NZXT Canvas 32Q Curved review: A budget brawler

The 32-inch size is ideal for many gaming monitors, curved or not, but looks can’t be the only deciding factor in your search for the perfect screen. That’s why we test every screen through a standard glove of benchmarks, using a Datacolor SpyderX Elite(Opens in a new window) calibration sensor and software to compare screens of similar size and resolution. We leave monitors at their factory settings unless otherwise specified.

First, we test the monitor in its default picture mode with an SDR signal. The Canvas achieved a brightness of 348 nits with a black level of 0.14, resulting in a contrast ratio of 2,520:1, well above the 1,000:1 promised by its specs.
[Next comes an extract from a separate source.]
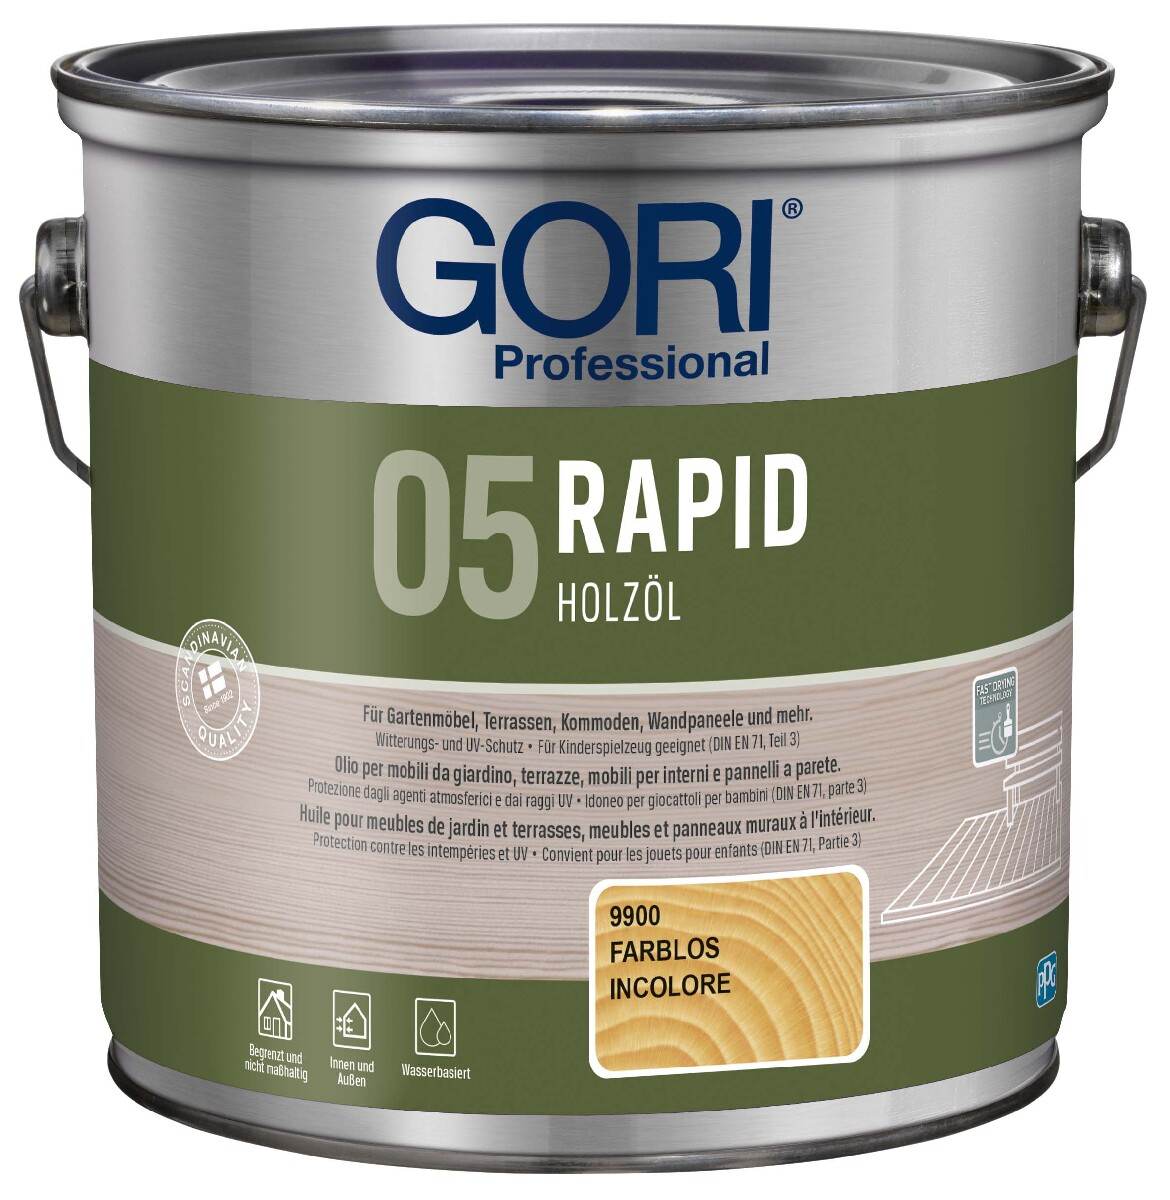 GORI 05 RAPID Holzöl 2,5 L in Farblos, Terrassenöl für Innen & Außen mit Witterungs- und UV-Schutz

A higher contrast ratio means deeper blacks and luminescent whites.

NZXT Canvas 32Q Curved Color Gamut

(Credit: PCMag)

Running the same test again in HDR mode, we saw a dramatic drop in brightness – just 176 nits recorded. The monitor uses HDR10 which on paper should deliver 1,000 nits of peak brightness, but it doesn’t, at least not out of the box. Further calibration will be required and the NZXT lacks robust picture adjustment options.
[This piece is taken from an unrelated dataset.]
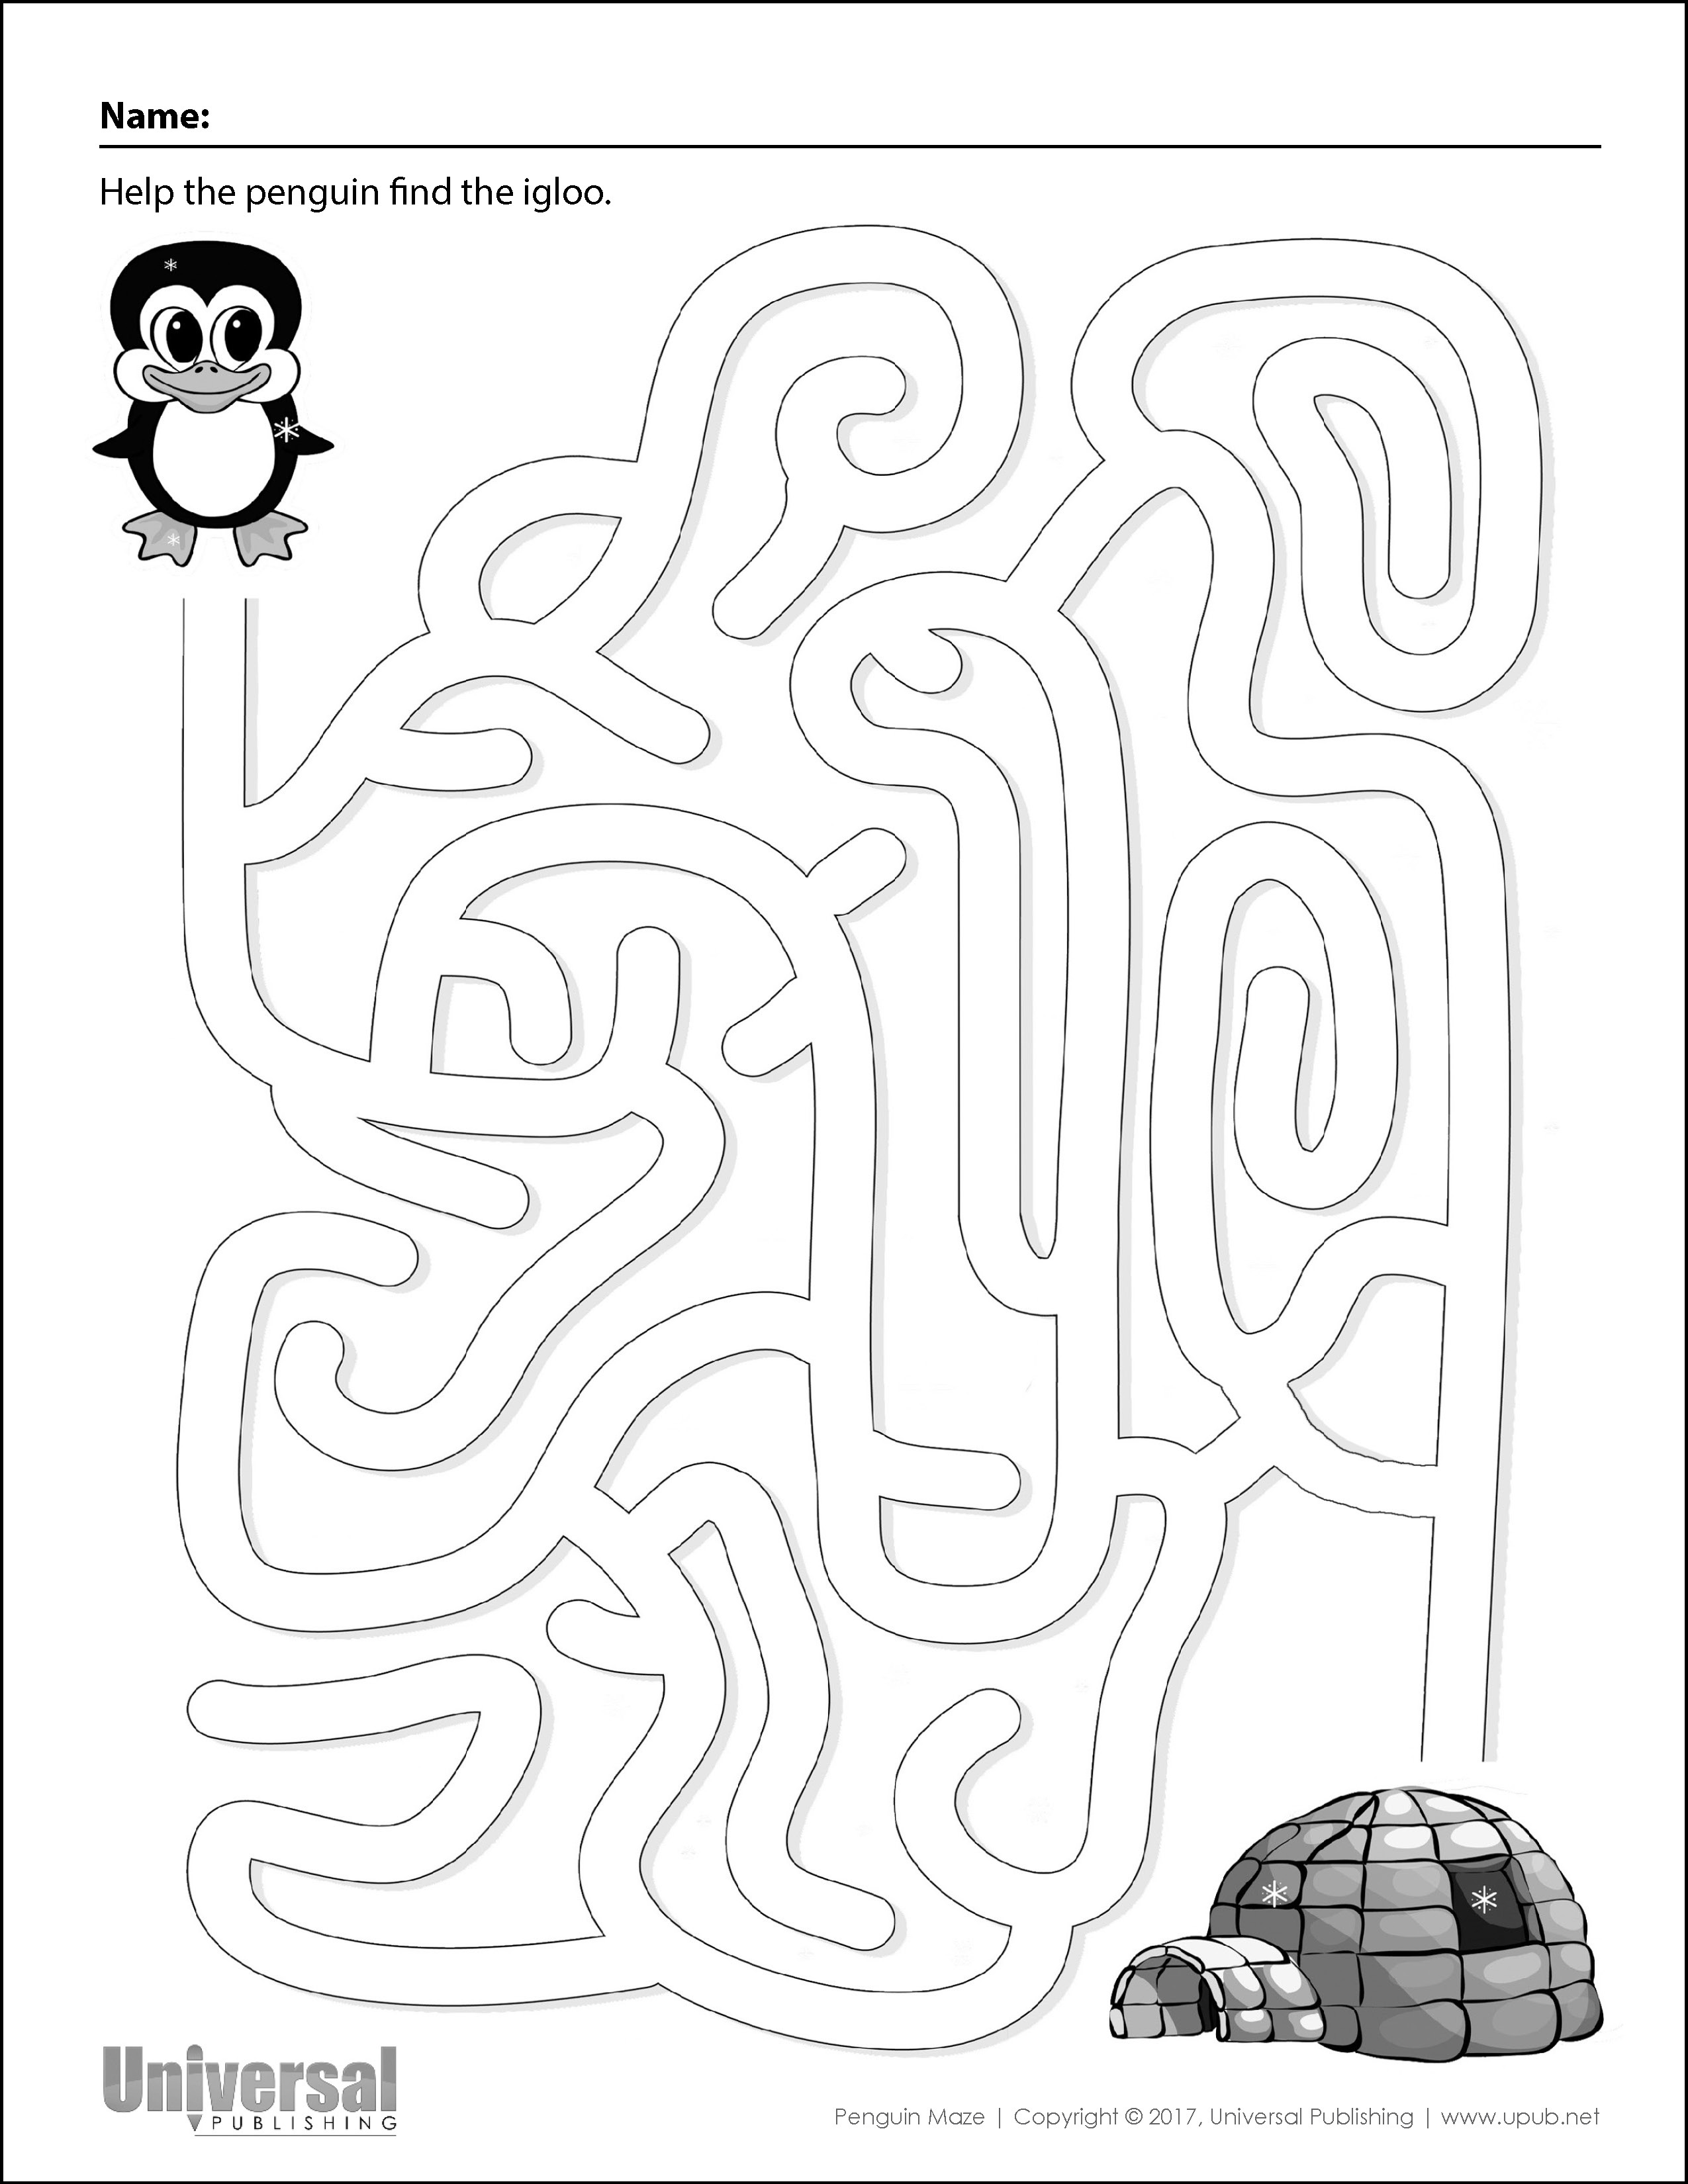 Penguin Maze - Universal Publishing Blog

Our next test measures a monitor’s color coverage. The Canvas 32Q Curved covered 100% of the sRGB color gamut, 83% of Adobe RGB and 89% of DCI-P3 – great results for a curved screen in this price range, although a bit below the Cooler Master GM34, the Corsair Xeneon 32QHD165 and the Gigabyte M27QX.

NZXT Canvas 32Q Curved Color Accuracy

(Credit: PCMag)

Our color accuracy test played a different tune, unfortunately sounding worse. The NZXT recorded a disappointing uncalibrated Delta E reading of 2.39, possibly due to its VA panel. Higher Delta E numbers mean that common colors tend to stray from their purest forms; content creators are looking for a value less than 1 and most consumer monitor buyers are looking for a value less than 2. Will gamers notice? Maybe not, but if you plan to use this display for creative applications as well as games, just know that you’ll have your work cut out to optimize your settings.

Gaming performance

Gamers are as interested in brightness and color results as anyone else, but the benchmark they’re most interested in is input lag. Using our HDFury Diva, we measured the NZXT’s lag to sub 1 millisecond – gaming gold, especially for players of high frame rate titles.
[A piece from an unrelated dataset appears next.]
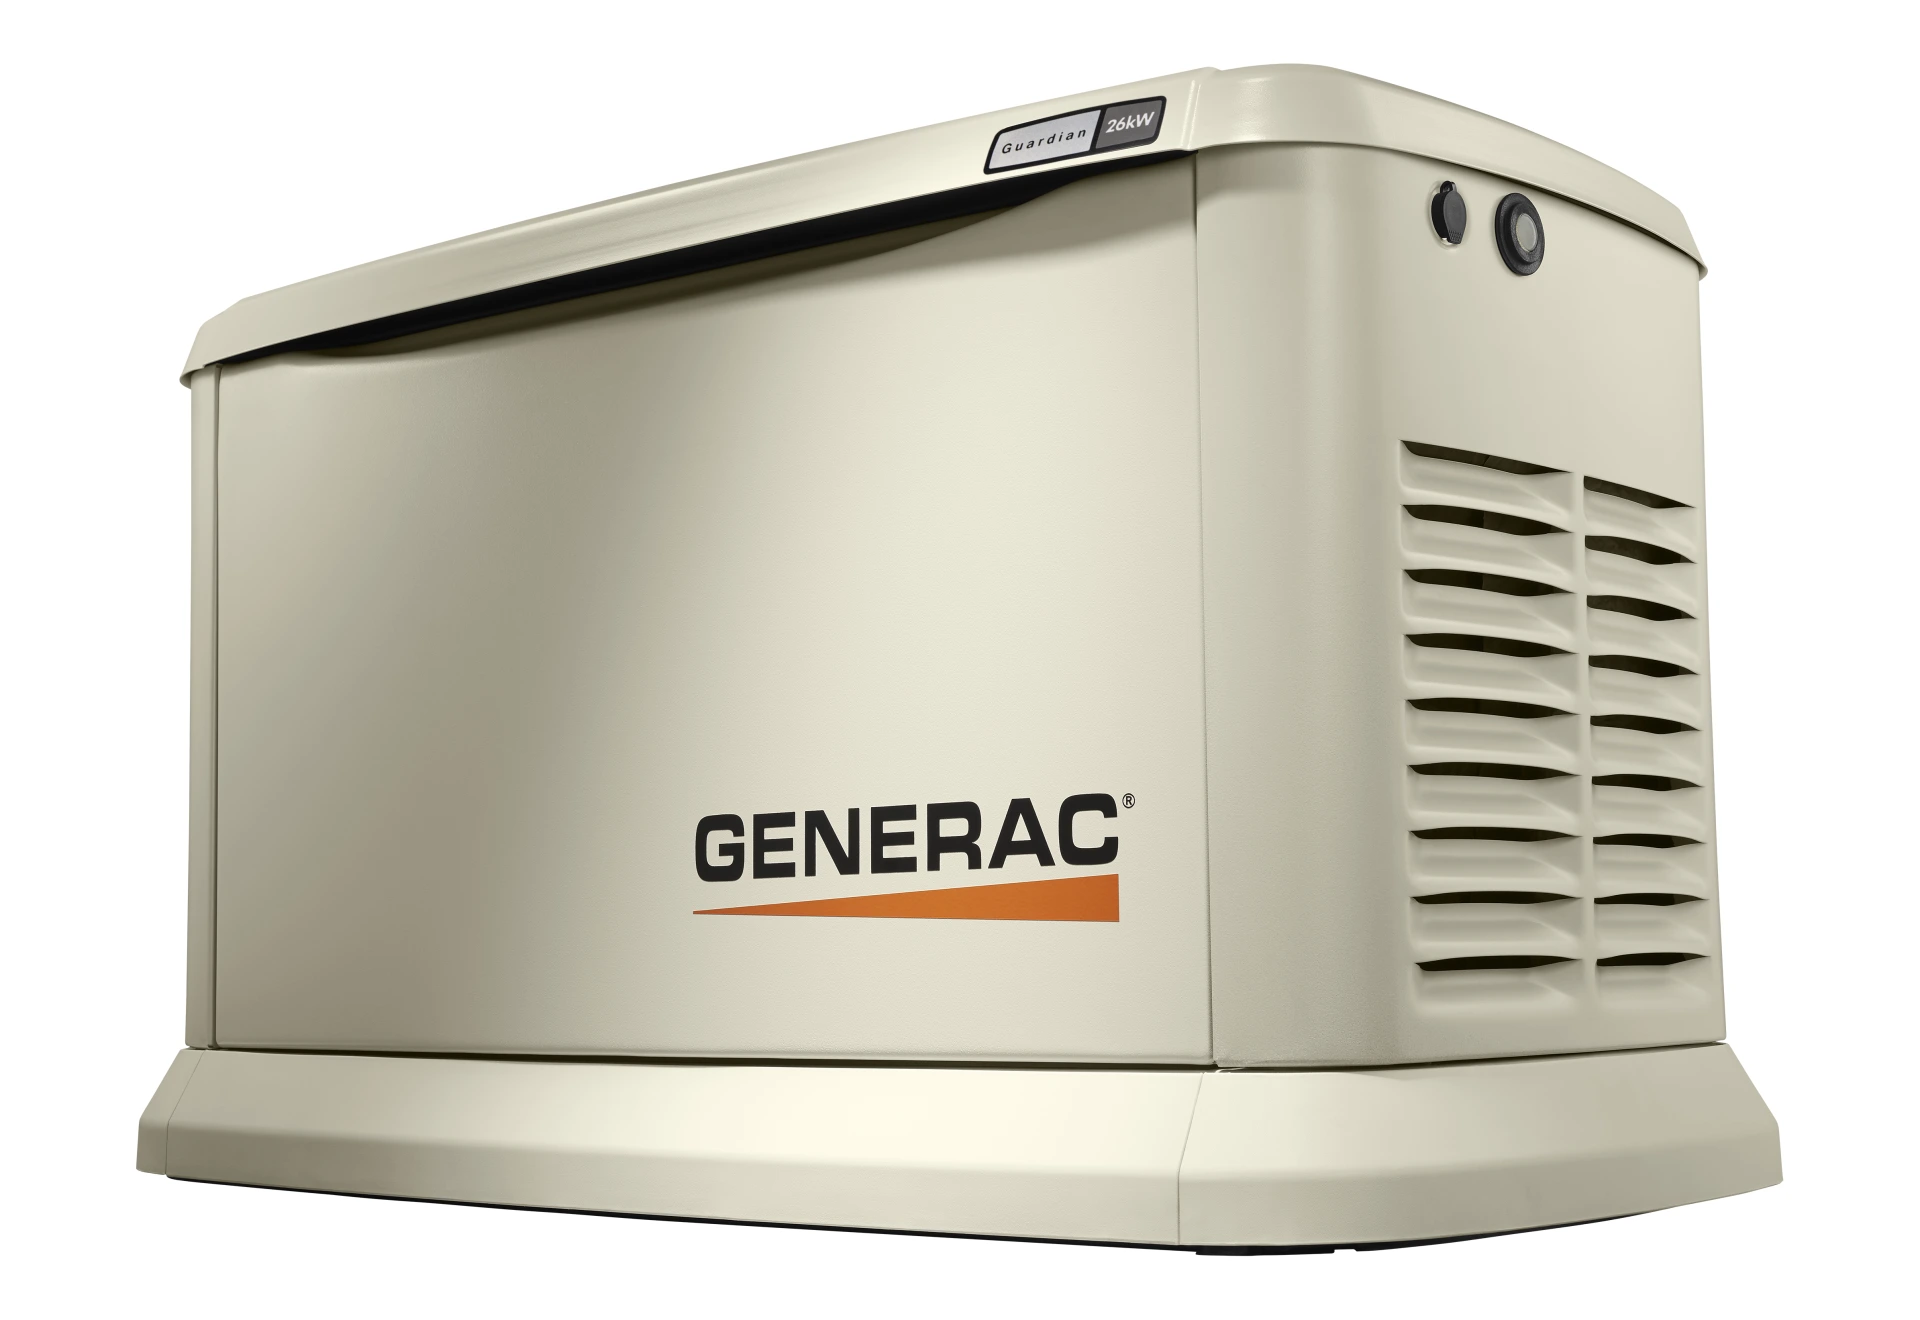 Generac Generator Fuel Consumption Chart & Calculator All Models

At 165Hz, the Canvas is a worthy contender. The display supports FreeSync Premium and is G-Sync compatible, added bonuses for gaming at frame rates above 60fps with a compatible graphics card. Fast-paced titles like Rainbow Six Siege looked excellent, with no ghosting to speak of. A few Counter-Strike and Hitman games were also smooth and stable.


NZXT Up: A new contender for gaming monitors

NZXT’s first monitor is very successful. Although the Canvas 32Q Curved’s color accuracy and HDR implementation are disappointing, it strikes a good balance between performance, visual clarity and low cost and looks good to boot. If you’re looking for a budget gaming monitor with a subtle curve and high 1440p refresh rate, this is definitely worth a look.

The essential

NZXT’s first foray into monitors is a success, as the Canvas 32Q Curved impresses with its sleek design and low input lag.